- _INPUT DATA_:
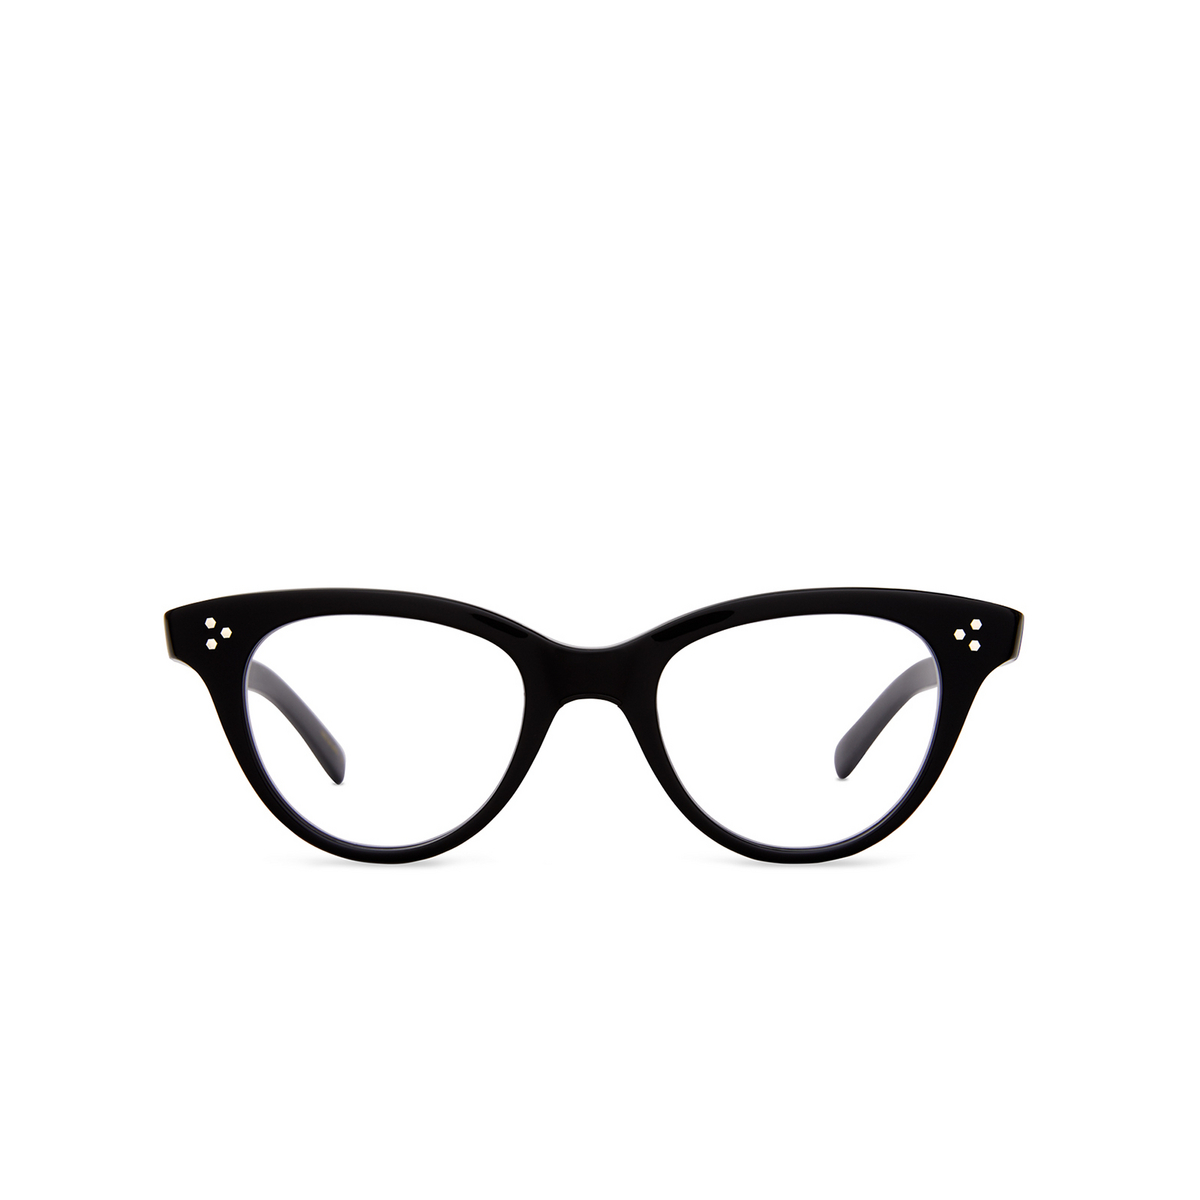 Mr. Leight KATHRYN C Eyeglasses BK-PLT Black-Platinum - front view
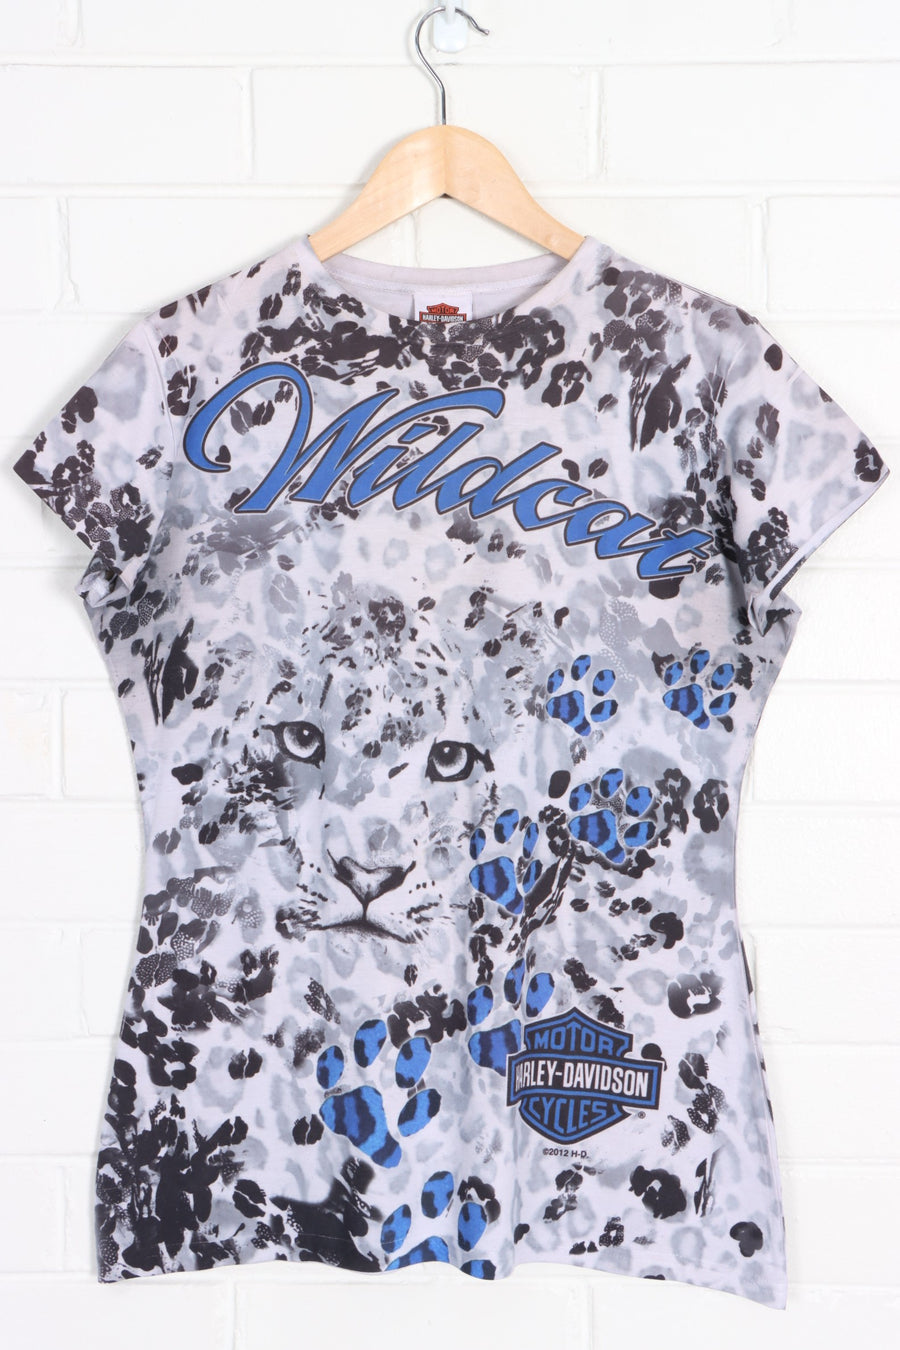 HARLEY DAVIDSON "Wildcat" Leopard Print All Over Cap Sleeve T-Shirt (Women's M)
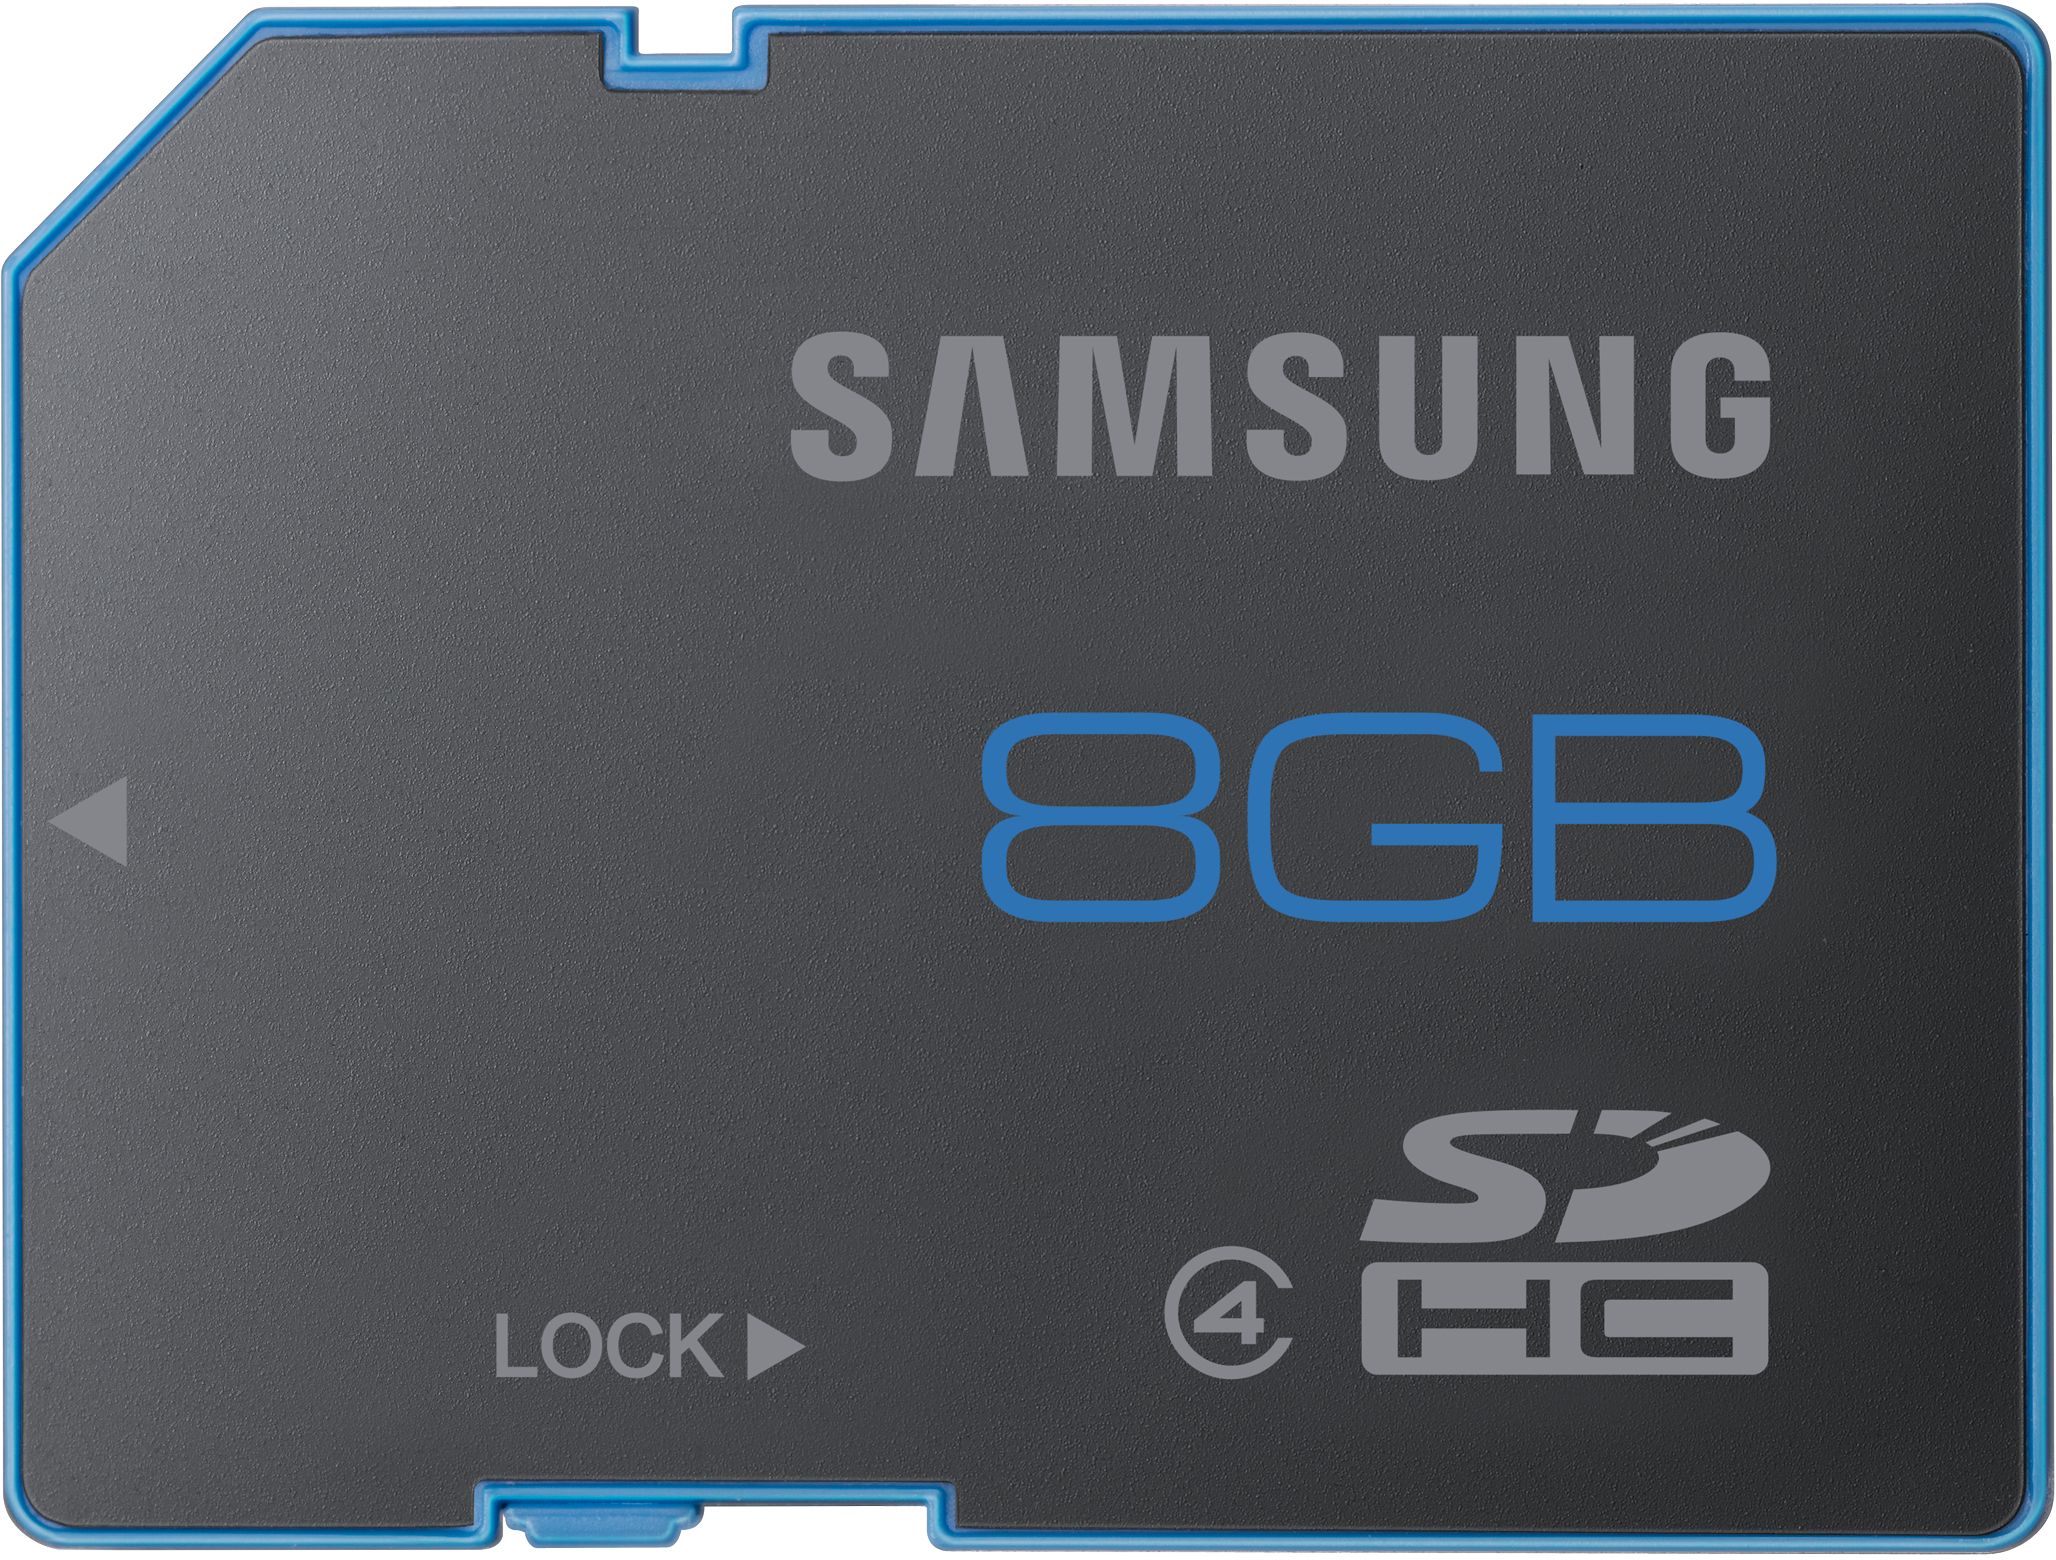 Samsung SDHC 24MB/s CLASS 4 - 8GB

- _WORK REQUEST_:
Keep the pictures out of your copy. Copy only the lines from the line that holds "T-Shirt (Women's M)" through the last line of the listing above, both included.

- _WRITTEN RESPONSE_:
 HARLEY DAVIDSON "Wildcat" Leopard Print All Over Cap Sleeve T-Shirt (Women's M)
 Samsung SDHC 24MB/s CLASS 4 - 8GB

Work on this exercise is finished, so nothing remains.